# Is it alright to squeeze or squash (in a way) the ethernet cable at all?



## theonethattime (Apr 21, 2009)

My wireless internet connection is quite unstable sometimes, therefore I've decided to switch back to using cable, however, some questions arise: 
1: is it alright to squeeze or squash (in a way) the ethernet cable at all? 
2: and will squeezing affect the connection? 
3: also, will the length of the cable affect the connection? 
4: is there a difference between ordinary ethernet cable and the flat ethernet cable?

Because the router is not on the same floor as my laptop, therfore, I will require at least 15 meters of the cable to connect with, and by doing so, some part of the cable will have to be squeeze through the door and there is not much gap from my door and the doorframe.
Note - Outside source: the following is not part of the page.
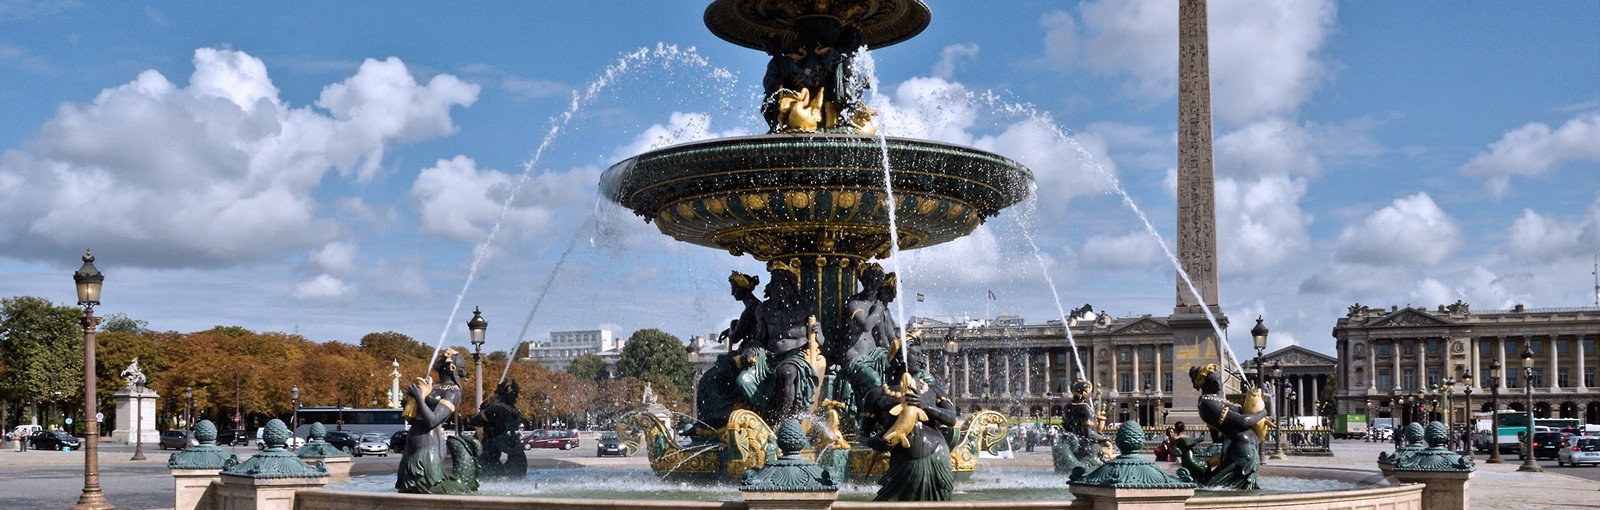 Tours Visita de Paris - Tours de ciudad - Visitas de Paris

It would be very nice if someone could kindly answer my questions for me, thank you.


----------



## Cirx (Apr 21, 2009)

theonethattime said:


> My wireless internet connection is quite unstable sometimes, therefore I've decided to switch back to using cable, however, some questions arise:
> 1: is it alright to squeeze or squash (in a way) the ethernet cable at all?
> 2: and will squeezing affect the connection?
> 3: also, will the length of the cable affect the connection?
> ...


1) As long as you don't harm any of the wires, it's perfectly ok.
2) No, as long as the wires inside are fine
3) Yes, the longer the cable the longer it takes to transmit data to and from the router/pc.
4) Don't know what you are talking about -.-


----------



## johnwill (Sep 26, 2002)

There is no difference in performance for Ethernet cables as long as 100 meters. Length will not affect the performance at all. The difference in propagation time for a short cable and a 100 meter cable would be measured in nanoseconds. :smile:

You do not want to crush the cable, because that's not going to be good over the long run, especially if you actually open and close this door at all.
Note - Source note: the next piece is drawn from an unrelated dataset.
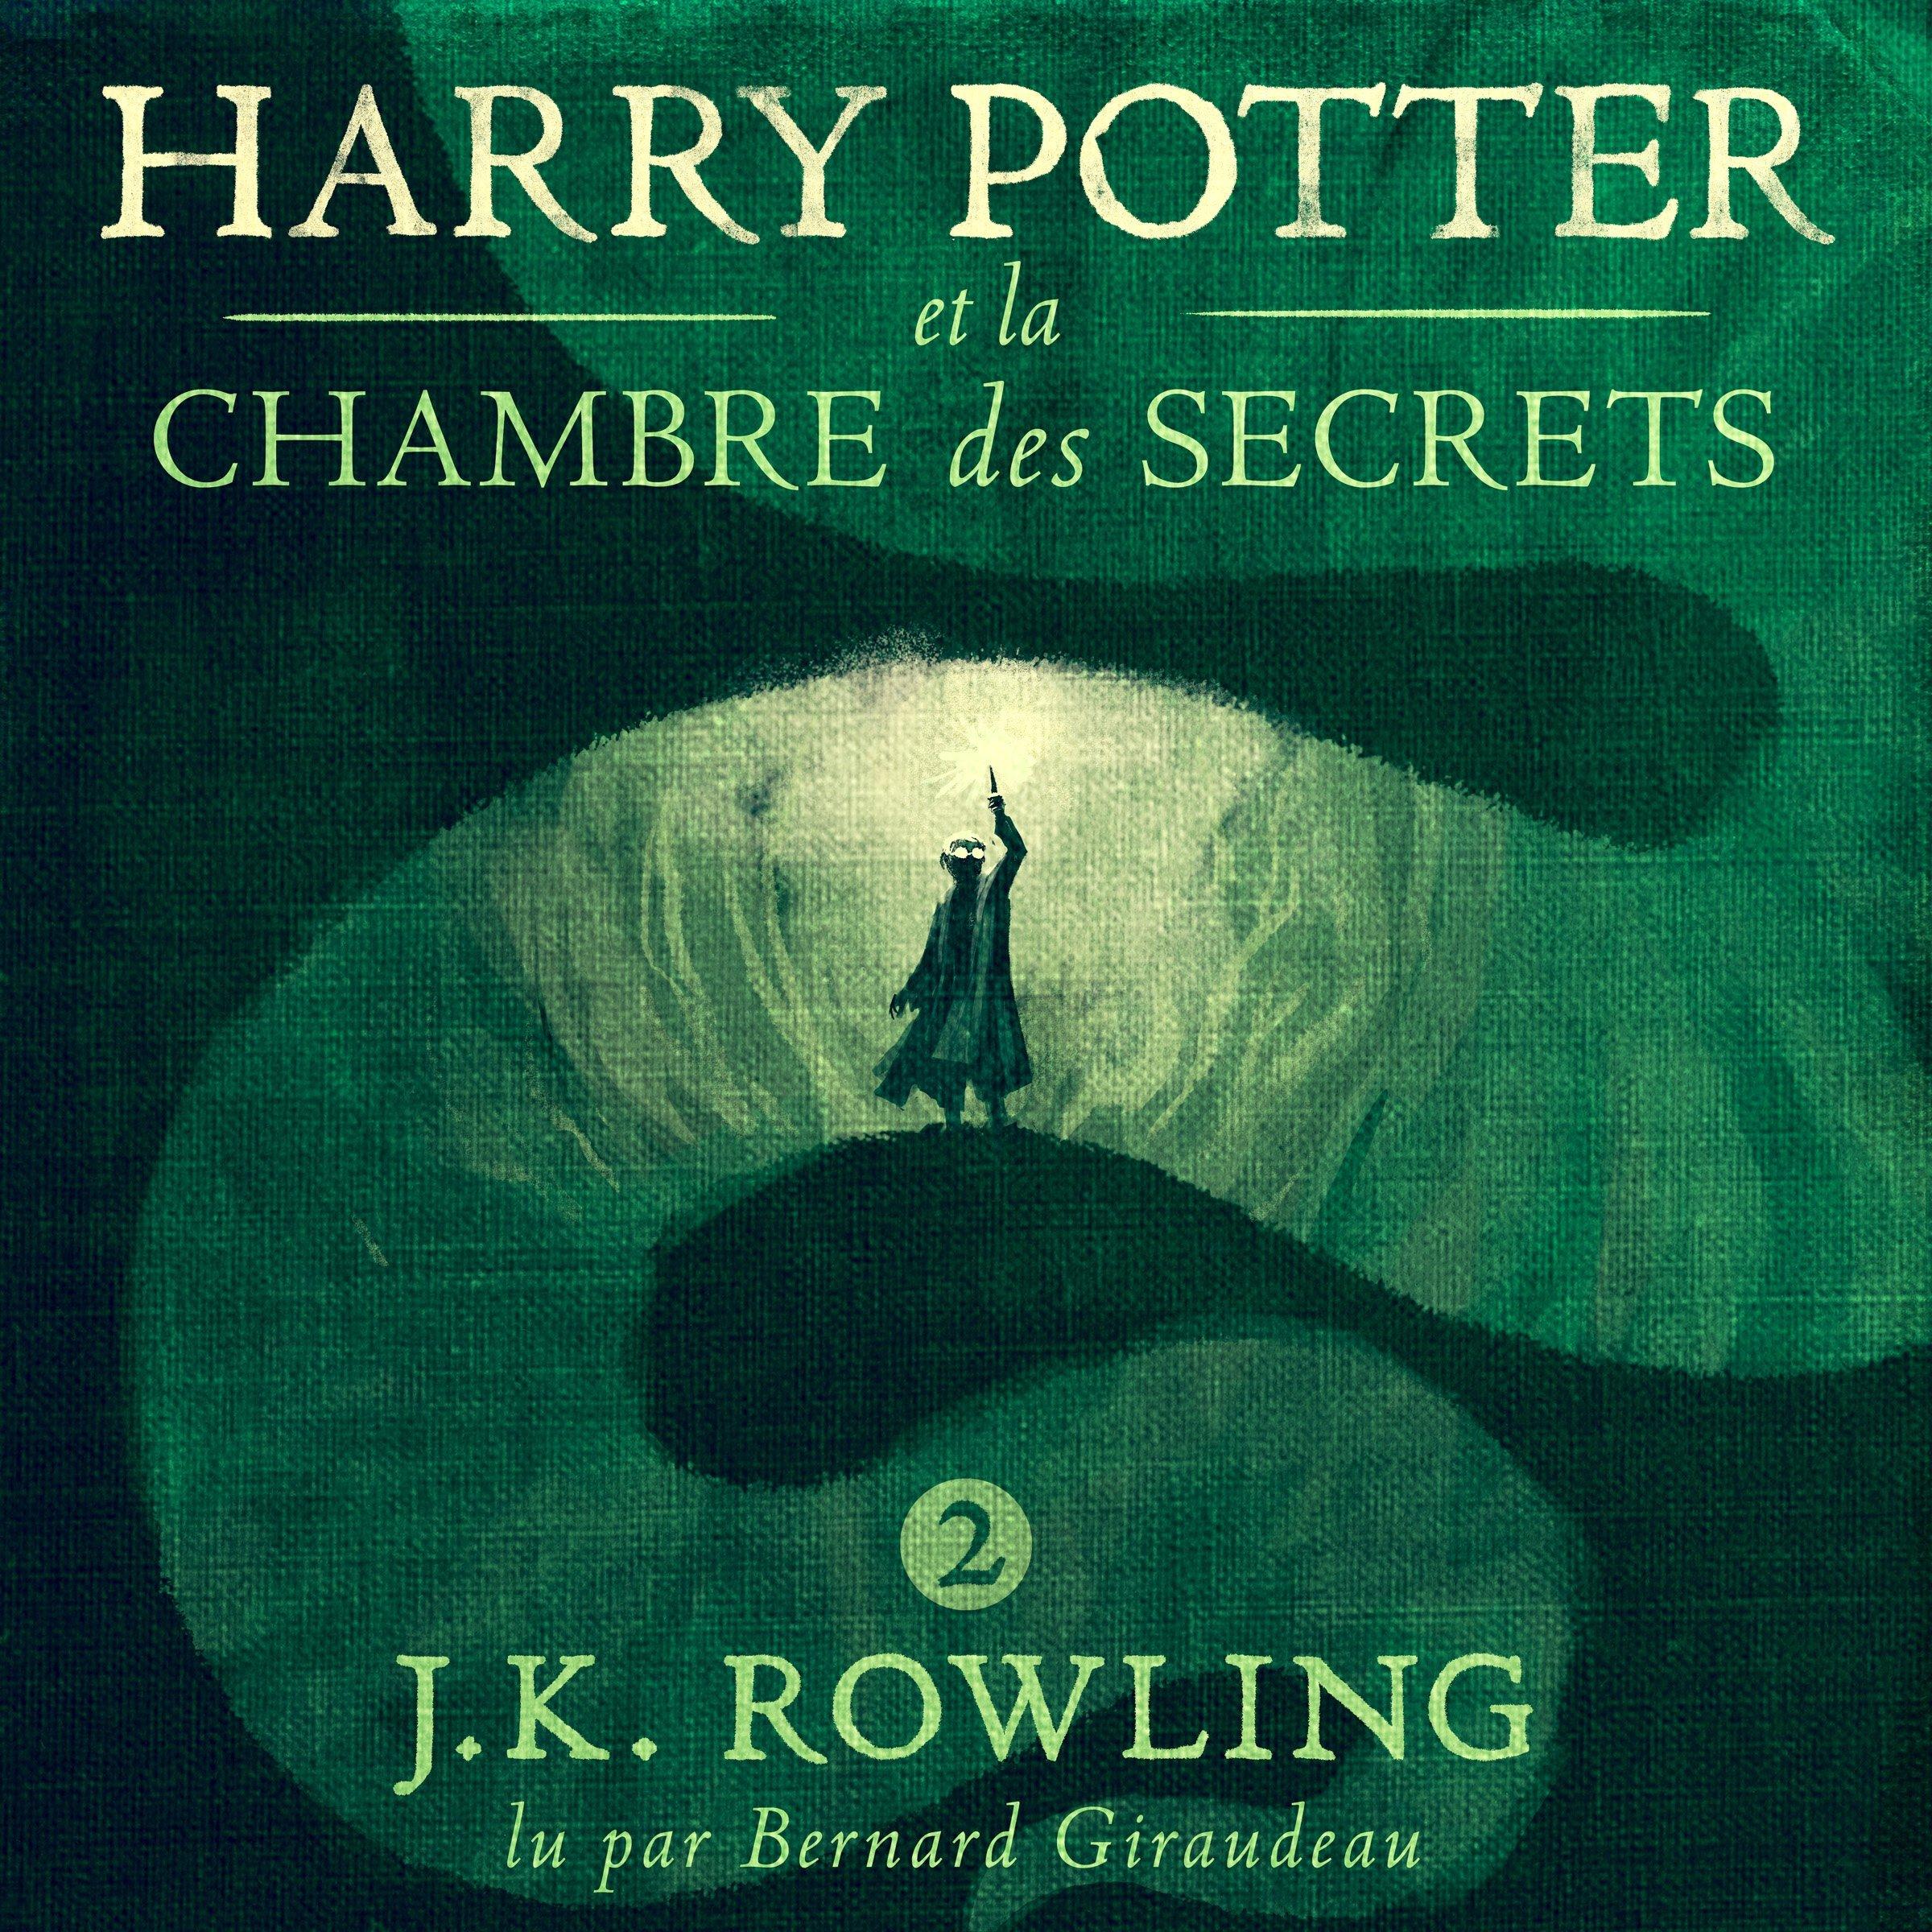 Harry Potter et la Chambre des Secrets: Harry Potter 2

There used to be some flat cable with RJ-45 connectors on it, but that is not really Ethernet cable, even though folks used it. Ethernet connections REQUIRE twisted pairs for the connection over the entire length of the cable. A run of truly flat cable for any distance for Ethernet will most likely not work, and even shorter runs result in a lot of packet corruption.


----------



## theonethattime (Apr 21, 2009)

Thanks for all your reply, I think I will stick to the ordinary cable and see how it goes. My friend had a very similar situation like mine and she just used ordinary cable for her internet connection, and for years, there has not been a problem with it. So I guess it will be okay for me too.


----------